Hope to meet some of you that I am online with in person.

-Michael
Kenpo-Texas.com


----------



## Iron Dog (Mar 7, 2003)

This sounds great! I am trying to go to Seattle however and if that doesn't pan out, I'll make this camp. I don't know most of these gentlemen, but I think it'll be a good one. Occidental is north of Santa Rosa and a bit more than 1 1/2 hours from S.F. especially if you're in traffic. But it's a pretty town with a hotel restuarant and bar that is famous. Of course we'll be training and won't have time for such revelry..Thanks for the info...
I.D.


----------



## Kirk (Mar 7, 2003)

I've only been to one camp.  What are the _*typical*_ 
sleeping arrangements like at a kenpo camp?  Outdoosy, in tents
and stuff?


----------



## SingingTiger (Mar 7, 2003)

Hey, this is one of the first camps or seminars that I've seen a post about here that I might actually be able to attend!  Thanks for the e-mail address, Mr. Billings, I'll find out more about it!

Rich


----------



## Michael Billings (Mar 8, 2003)

Kirk,

Starting in the late 60's or early 70's some of the Chinese Kenpo people, specifically Gary Swan, with Steven LaBounty (National Chinese Kenpo Karate Association - NCKKA) decided to do a weekend retreat and train.  OK, so think Bastrop State Park - yep, that is where it was.  Tents and cook your own food, or beef jerky it, with some trail mix and bananas.  

It evolved to where the NCKKA could afford to actually rent Camps out in the hill country, usually empty in October (Camp Maddox - we called Mud-ox, Pipe Creek, etc).  There were bunks, and you took bedrolls ... but wait, I fogot the intervening year's camps where Black Belts had cabins and everyone else was in tents.  Then, eventually, we all got to sleep in cabins ... but just for a while.  

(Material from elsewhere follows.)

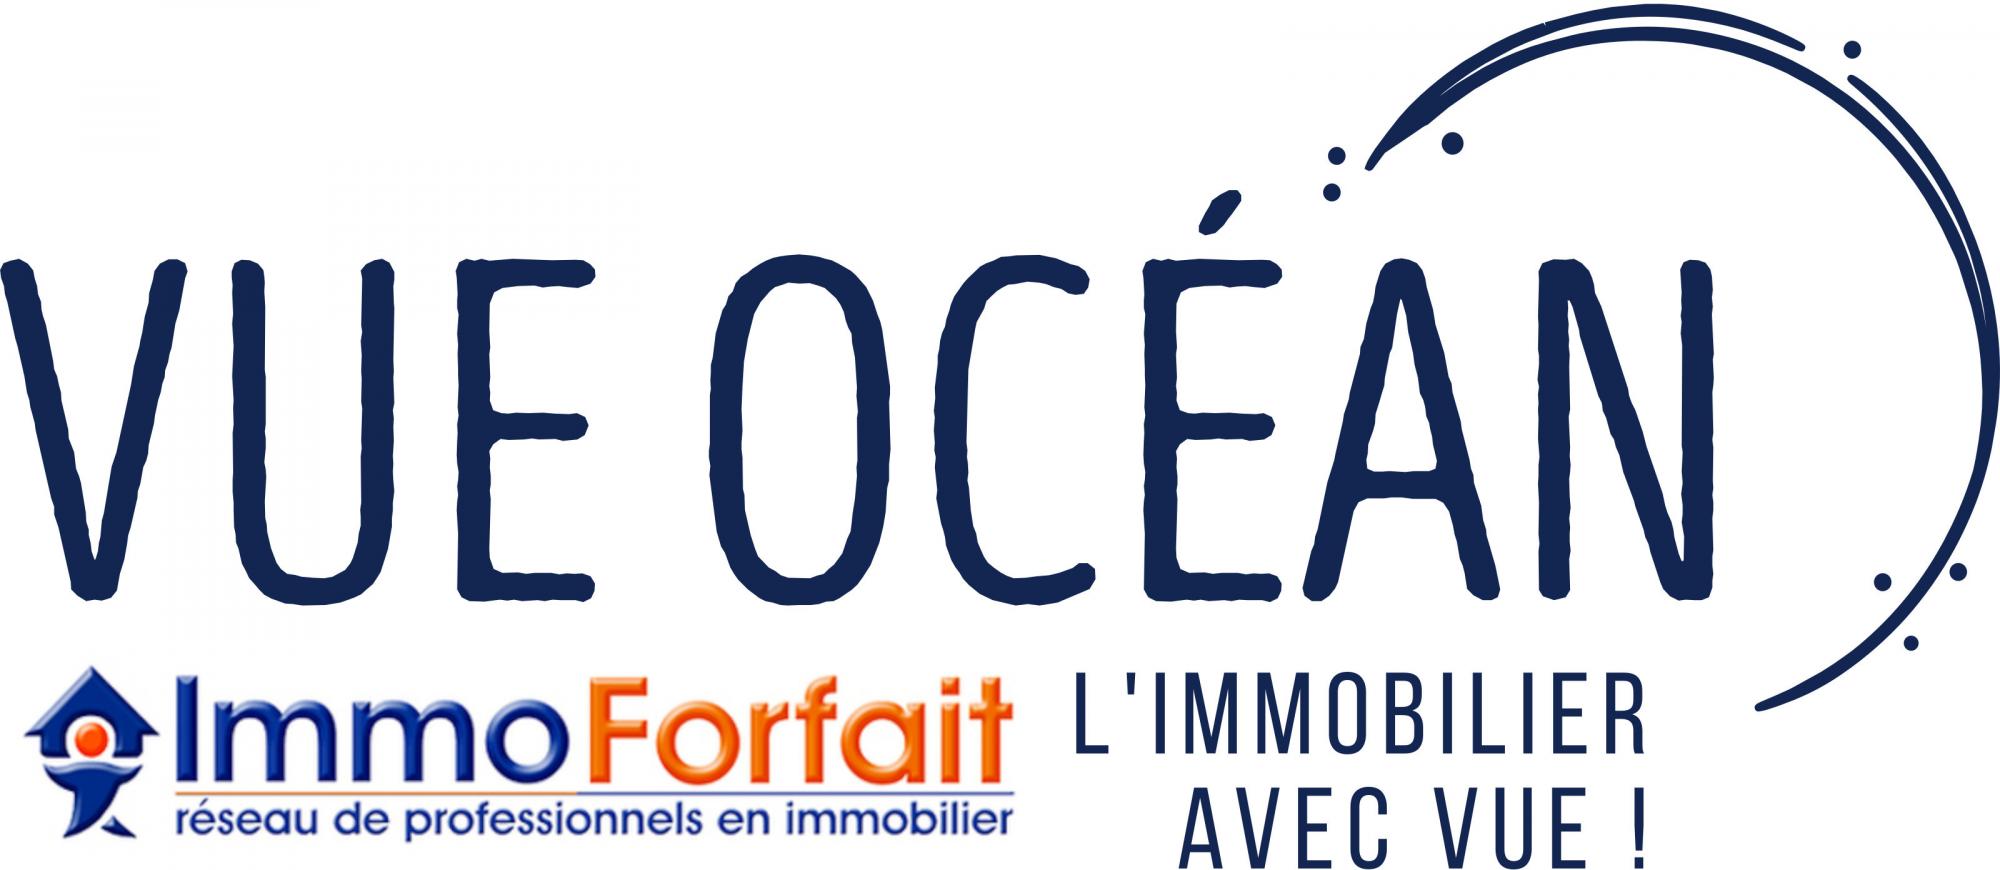 Agence immobilière Vue Océan RSAC 494 264 526

Because, when Brian Duffy split from the NCKKA he established his 1st Annual Texas Spirit Camp.  The rest is history ... well almost, because we did not have a large student base for camps those first few years, we were forced to go back to the tents, whether you were a Black Belt or not.  We camped on a student's or family friend's ranch.  There was one cabin, and Mr. LaBounty, Sigung Kelly and a few of the others got to sleep indoors.  See the pictures I posted on the SIBOK thread.  That was a camp in the early 1990's.  We were there at least 2 years.  One hot and dusty when I tested for 3rd (1992), then another rainy muddy and nasty, but not too cold.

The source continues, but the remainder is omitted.